Neighbourhood in Kanyakumari district, Tamil Nadu, India

Thirunattalam, also called Nattalam, is a Panchayat town in Kanyakumari district in the Indian State of Tamil Nadu. It is located 4 km from Marthandam, 6 km from Karungal and 10 km from Thuckalay.

==Demographics==
As of the 2001 India census, Thirunattalam had a population of around 11,037. Males constitute 51% of the population and females 49%. Thirunattalam has an average literacy rate of 79.9%, higher than the national average of 59.5%: male literacy is 81%, and female literacy is 77%.

The village was given the Nirmal Gram Puraskar award in 2006.

== Religion ==
The last temple of Sivalaya Ottam is in Thirunattalam. On the day of Sivarathri, devotees of Lord Siva finish their 24-hour marathon in Thirunattalam. It is the 12th temple in this marathon.

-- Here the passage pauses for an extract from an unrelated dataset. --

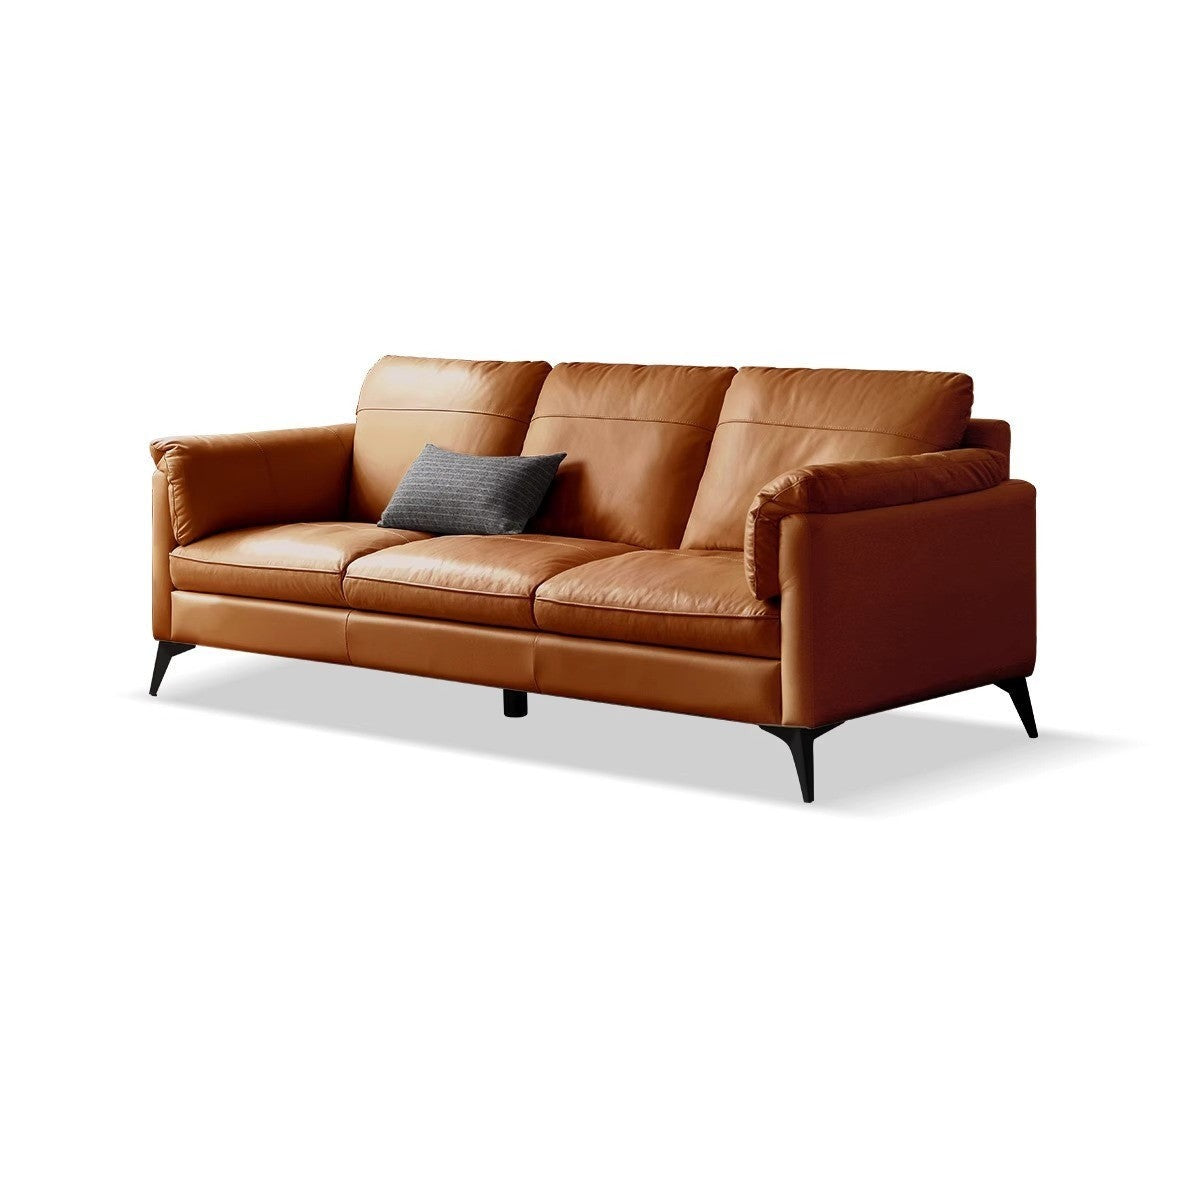 Italian leather sofa first layer cowhide light luxury)

There are two temples in this village. In the first temple the main god is Lord Vishnu and Lord Siva. The god is therefore called Sankaranarayanar, which means Siva-Vishnu. The idol there is suggesting that Hari (Vishnu) and Haran (Siva) are one and same. In the second temple the main god is Lord Siva and Lord Parvathi. The god is therefore called Arthanareeswara, which means half woman and God. There is a holy tank between these two temples. It is the only temple in Travancore where Brahma's idol is found. There are morning and evening poojas in this temple. On Sivarathri day there are four special Yama Poojas, every two hours from 10 PM. After the fourth yama pooja, by 4 AM, devotees will get Vibhuti and prasada, which indicates their Sivarathri fast is over.

The famous Christian devotee martyr Devasahayam Pillai was born in Nattalam. A church was built in his place of birth and prayers are going regularly. Friday masses are special for the church. The Salvation Army Church is also one of the oldest and small church of Nattalam

== Language ==
The native language was Malayalam as it was a part of the Princely state of Travancore and was changed to Tamil after Nattalam became a part of today's Tamil Nadu followed by a riot of linguistical discrimination known as Mahanam led by Nesamani nadar and his associates.

The nearest city is Thiruvananthapuram which is the capital of Indian state of Kerala and is 48 km away. So, most of the village people speak both Tamil and Malayalam.

== Education ==
There are schools run by both by the government and privately.